Retrieval augmented generation faces several key challenges that limit its performance in real-world applications.
First, existing retrieval mechanisms struggle to identify the most relevant passages from corpora containing millions of documents. Simple similarity functions often return superfluous or tangential results. When retrieval fails to return the most relevant information, it leads to suboptimal prompting.
Second, retrieving supplementary information introduces latency; if the database is large, this latency can be prohibitive. Searching terabytes of text with complex ranking creates wait times that are too long for consumer applications.
In addition, current RAG systems fail to appropriately weight the original prompt and retrieved passages. Without dynamic contextual weighting, the model can become over-reliant on retrievals (resulting in reduced control or adaptability in generating meaningful responses).
Specialized agents with divided responsibilities can help address the challenges that plague single-agent architectures, and unlock RAG's full potential. By factoring RAG into separable subtasks executed concurrently by collaborative and specialized query understanding, retriever, ranker, reader, and orchestrator agents, multi-agent RAG can mitigate single-agent RAG's relevance, scalability, and latency limitations. This allows RAG to scale efficiently to enterprise workloads.
Let's break multi-agent RAG into its parts:
First, a query understanding / parsing agent comprehends the query, breaking it down and describing it in different sub-queries.
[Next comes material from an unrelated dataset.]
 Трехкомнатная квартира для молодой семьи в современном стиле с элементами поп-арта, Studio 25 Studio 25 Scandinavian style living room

Then x number of retriever agents, each utilizing optimized vector indices, focus solely on efficient passage retrieval from the document corpus, based on the sub-queries. These retriever agents employ vector similarity search or knowledge graph retrieval-based searches to quickly find potentially relevant passages, minimizing latency even when document corpora are large.
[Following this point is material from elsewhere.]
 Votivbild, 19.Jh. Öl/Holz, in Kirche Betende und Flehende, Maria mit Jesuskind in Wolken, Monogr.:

The ranker agent evaluates the relevance of the retrieved passages using additional ranking signals like source credibility, passage specificity, and lexical overlap. This provides a relevance-based filtering step. This agent might be using ontology, for example, as a way to rerank retrieved information.
The reader agent summarizes lengthy retrieved passages into succinct snippets containing only the most salient information. This distills the context down to key facts.
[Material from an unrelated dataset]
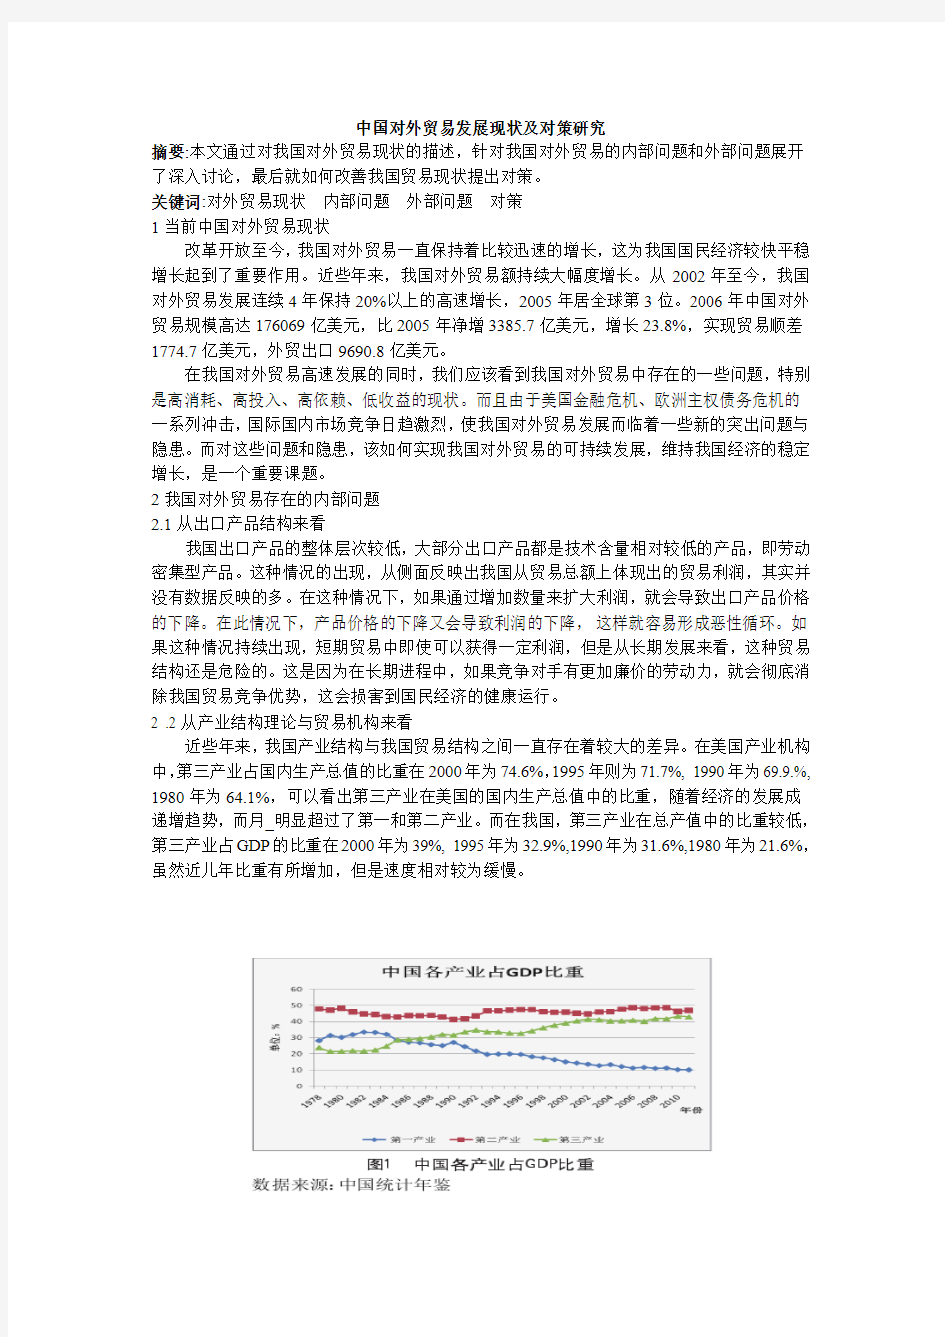 中国对外贸易发展现状及对策研究1

Finally, the orchestrator agent dynamically adjusts the relevance weighting and integration of the prompt and filtered, ranked context passages (i.e., prompt hybridization) to maximize coherence in the final augmented prompt.
Let's look at an implementation of multi-agent RAG, and then look under the hood of the agents that make up multi-agent RAG, examining their logic, sequence, and possible optimizations.
Before going into the code snippet below from the Microsoft AutoGen library, some explanation of terms:
AssistantAgent: The AssistantAgent is given a name, a system message, and a configuration object (llm_config). The system message is a string that describes the role of the agent. The llm_config object is a dictionary that contains functions for the agent to perform its role.
user_proxy is an instance of UserProxyAgent. It is given a name and several configuration options. The is_termination_msg option is a function that determines when the user wants to terminate the conversation. The human_input_mode option is set to "NEVER", which means the agent will never ask for input from a human. The max_consecutive_auto_reply option is set to 10, which means the agent will automatically reply to up to 10 consecutive messages without input from a human. The code_execution_config option is a dictionary that contains configuration options for executing code.
llm_config = { "understand_query": mock_understand_query, "retrieve_passages": mock_retrieve_passages, "rank_passages": mock_rank_passages, "summarize_passages": mock_summarize_passages, "adjust_weighting": mock_adjust_weighting, } boss = autogen.UserProxyAgent( name="Boss", is_termination_msg=termination_msg, human_input_mode="TERMINATE", system_message="The boss who ask questions and give tasks.", code_execution_config=False, # we don't want to execute code in this case. )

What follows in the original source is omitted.